Suppose $Y$ follow a distribution from the exponential family. Let $S$ be another variable that is associated with $Y$. For instance, it can be a vector of predictions from a model. It can also be the raw values from an attribute. Let $g$ denote the canonical link function for $Y$, and we assume that $S$ is linearly correlated with the $g(E(Y))$. Given data $y_1,...,y_N$, let $\hat{E}$ denote the MLE of $E(Y)$. For instance if $Y$ is Bernoulli, $\hat{E}$ is the sample proportion $\hat{p}$. If $Y$ is Poisson, $\hat{E}$ is the sample mean $\hat{\lambda}$.

Analogous to the Bernoulli case, given data $s_1,...,s_N$ and target $y_1,...,y_N$, we define the empirical CDF of the "positive" response by

$$ F_1(s) = \frac{1}{n} \sum_{k=1}^N I(S_k\leq s, Y_k > \hat{E}), $$

where $Y_k$ is "positive" if it is above the sample mean, and $n = \sum_{k=1}^N I(Y_k >s)$ is the number of the positive responses and $I(\cdot)$ is the indicator function.
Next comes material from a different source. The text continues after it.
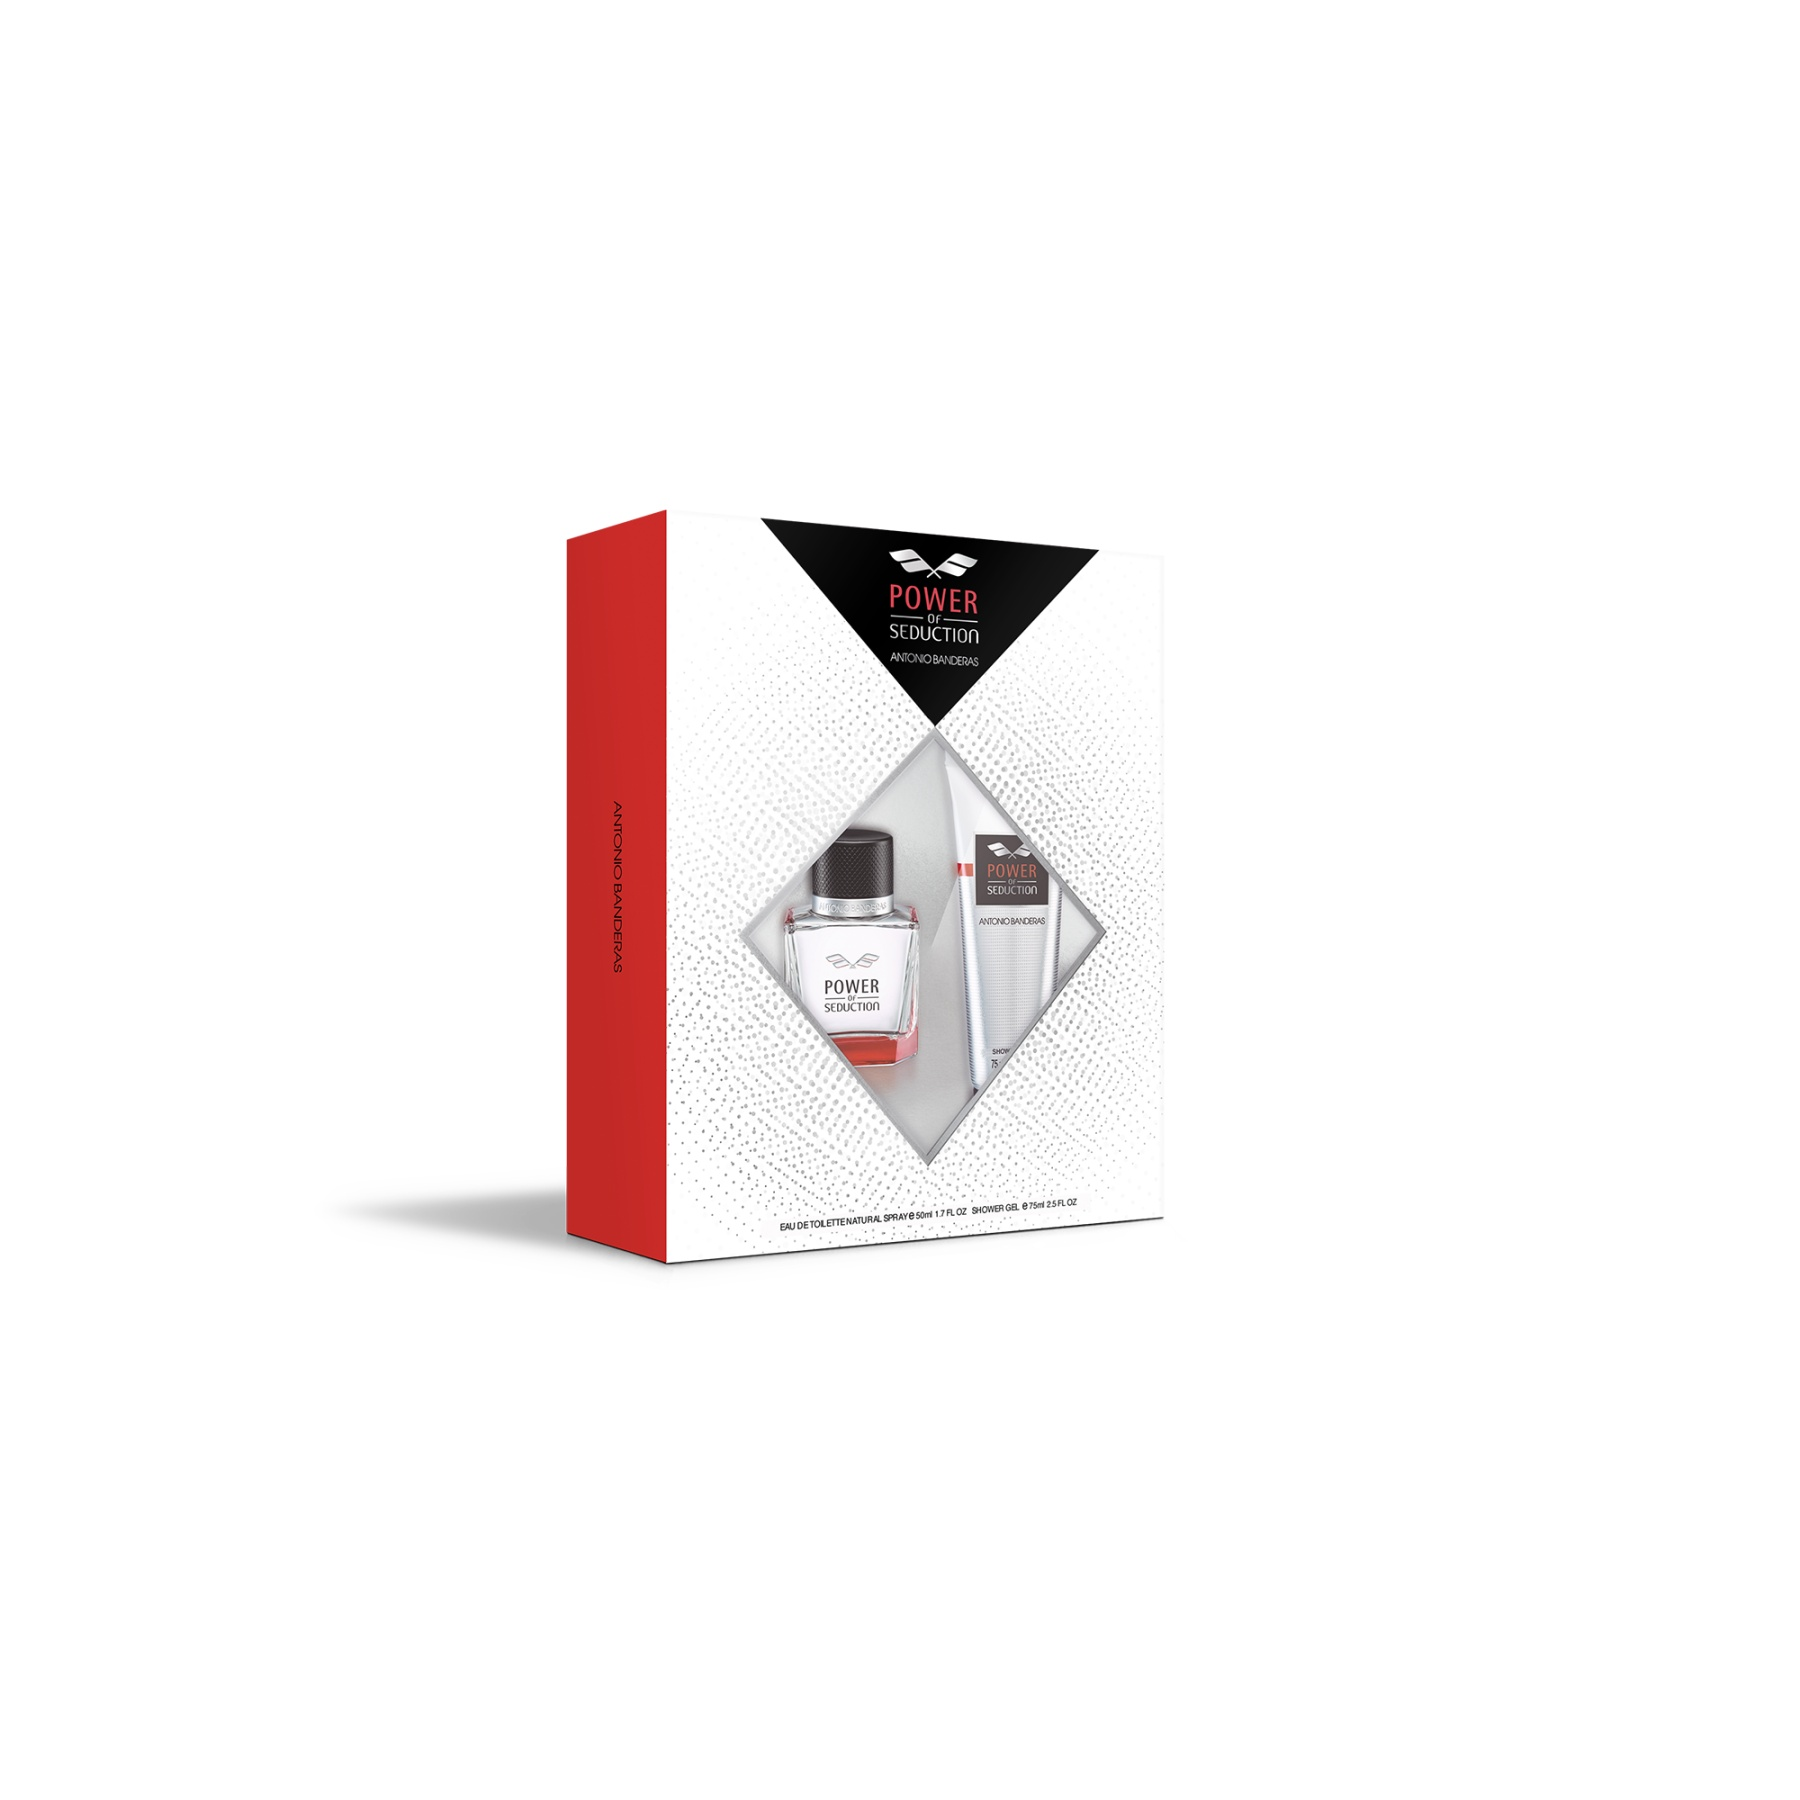 Perfume Antonio Banderas Power Of Seduction M Set Eau De Toilette Perfume 50 Ml + Shower Gel 75 Ml

Similarly we have

$$ F_0(s) = \frac{1}{m} \sum_{k=1}^N I(S_k\leq s, Y_k \leq \hat{E}), $$

where $m = \sum_{k=1}^N I(Y_k\leq s)$ is the number of "negative" responses. From here, we can define all the metrics (KS, Gini, AUC, information value, impurity and entropy) exactly as before. Needless to say this provides a quick and dirty way to perform WOE transformation for any type of univariate response variable $Y$!

In general this method can quickly pick out the most important attributes from the model in the univariate sense. This method can be further improved by changing the threshold from $\hat{E}$ to the various quantiles of $Y$. The final generalized metric values can be a weighted average of these values. The choice of the percentiles should also depend on the goal of the model.

Categorical Distribution

If $Y$ follows the categorical distribution, then it takes values in $\{c_1,...,c_K\}$ with probabilities $\{\pi_1,...,\pi_K\}$. The probability mass function for $Y$ can be written as

$$ P(Y=c) = \prod_{i=1}^K \pi_i^{I(Y=c)}. $$

It is non-sensical to talk about the mean and variance of this distribution, since the values that $Y$ takes on is categorical. However, we can easily work around this using an one-vs-all transformation.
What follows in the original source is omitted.